И вот в возрасте двадцати трех — двадцати четырех лет отмечу, что это совпало с одной из крупных финансовых неудач отца, чуть не приведших семью к полному разорению, — я стал втягиваться в работу находящейся в подполье коммунистической партии. К этому меня побудили не только книги и брошюры, ходившие тогда в Испании по рукам, но и их наглядная иллюстрация — реальная история моей собственной семьи, старые дневники и записи.
Через несколько лет на Кубе начнется революционное движение, осмысленное и воспринятое мной как суровое наказание Истории за былые преступления моего рода, и с энтузиазмом включившись в него, я освобожусь от чувства вины, избавлюсь наконец от этого непосильного для моей совести груза.

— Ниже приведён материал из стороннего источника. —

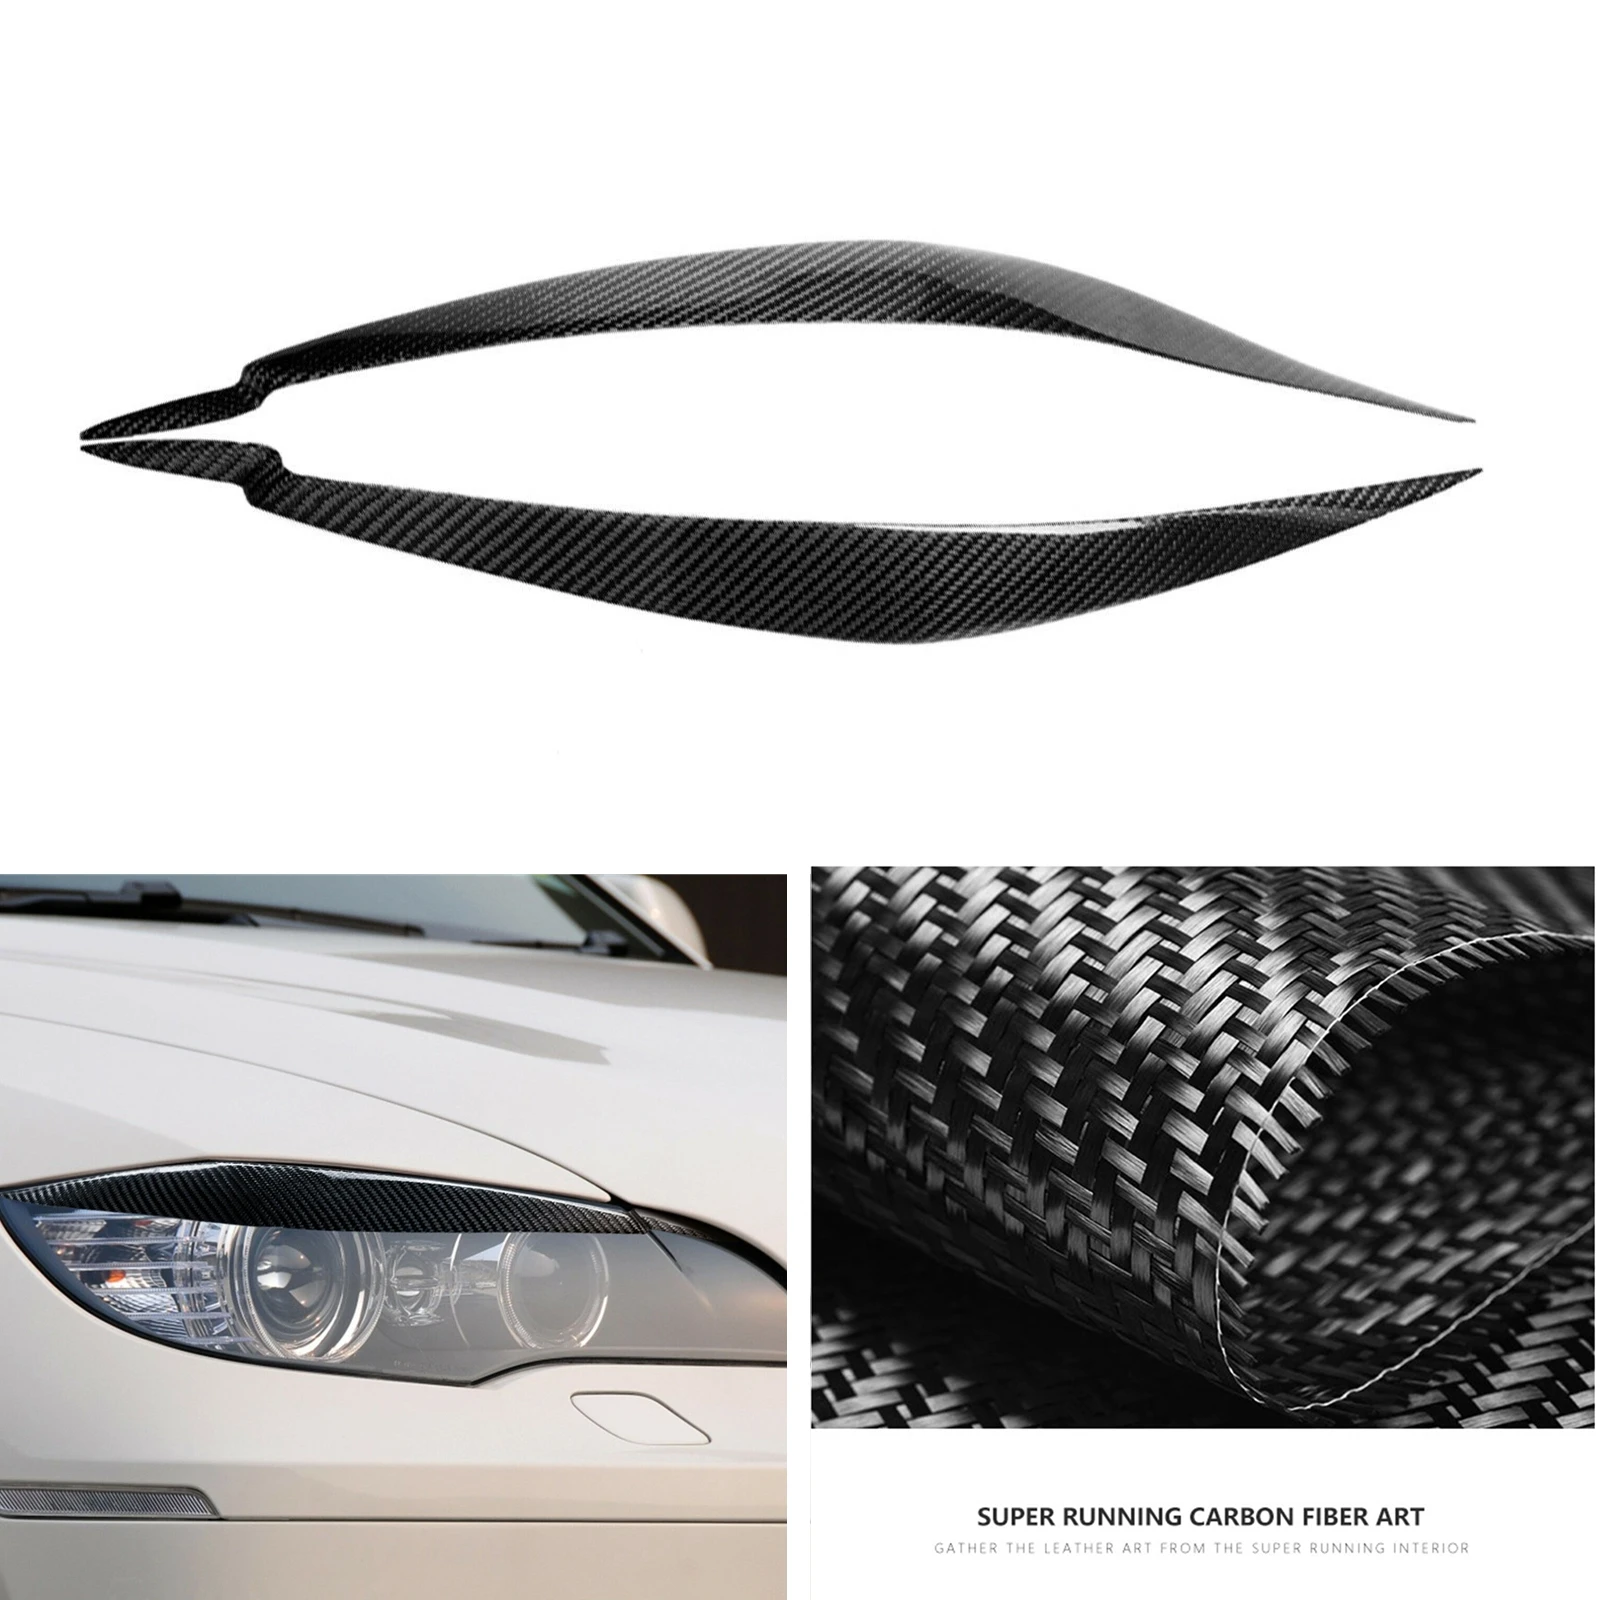 

Передняя головка для BMW X6 X6M E71 2008- 2014, настоящая углеродная волоконная фара, веко, налобный фонарь, налобный фонарь, лампа

Постепенное и необратимое угасание материнского рода повлияло на меня и моих братьев поскольку нас ожидала судьба писателей. Чтобы ответить на вопрос, почему мы не пишем по-каталонски, который мне вот уже много лет не перестают задавать, я должен прояснить некоторые обстоятельства жизни нашей семьи. Дело в том, что дед и бабушка говорили между собой по-каталонски однако к внукам обращались только по-испански, очевидно следуя указанию отца. Хотя бабушка обучила нас нескольким детским песенкам и в речи нередко смешивала два языка, все же и дома — в разговорах отца и Эулалии, — и на занятиях в школе звучал в основном испанский, тусклый и исковерканный, что, впрочем, я понял гораздо позже, когда мои знакомства уже не ограничивались пошлым, полным условностей мирком барселонской буржуазии. В давящей атмосфере тех лет по высочайшему повелению следовало культивировать «язык Империи», и каталонский с трудом сохранялся в домашнем обиходе. Результатом этого явилось мое неважное знание языка матери, если не считать формул вежливости, приветствий и ругательств, услышанных летом от крестьян Торренбо. Отец, ярый антикаталонист, с упоением противопоставлял благородство, возвышенность и мелодичность языка Кастилии — в особенности ее громких, звучных географических названий: Мадригаль-де-лас-Альтас-Торрес, Эррера-дель-Дуке, Монтилья-дель-Паланкар — грубым и плебейским названиям Каталонии, вроде Таррасы, Мульеты или Остафранкса которые отец произносил, нарочито коверкая. Он часами читал нам эти своеобразные лекции по сравнительной фонетике и этимологии а в заключение неизменно превозносил таинственную красоту кастильского слова «luciérnaga»[3], порицая ничтожность и приземленность каталонского «cuca de llum»[4]. Так или иначе, язык матери, словно ушедший навсегда вслед за ней, оказался мне глубоко чуждым, — язык, во владениях которого я чувствовал себя неуютно, долго не мог научиться бегло читать и только во Франции наконец занялся им в свободное время чтобы понимать произведения каталонской литературы без помощи словаря. Благодаря этому сегодня я могу наслаждаться чтением таких авторов, как Фош, Ферратэ или Родореда, однако после почти тридцати лет отчуждения самые простые обиходные слова с трудом приходят мне на память.
1
Откровение порою ранит нас сильнее, чем обжигающее солнце. Рене Шар (франц.).
2
В 1898 г. США использовали взрыв американского броненосца «Мейн», стоявшего на рейде в Гаванском порту, в качестве предлога для объявления войны Испании.
3
Светлячок (исп.).
4
Светлячок (каталонск.).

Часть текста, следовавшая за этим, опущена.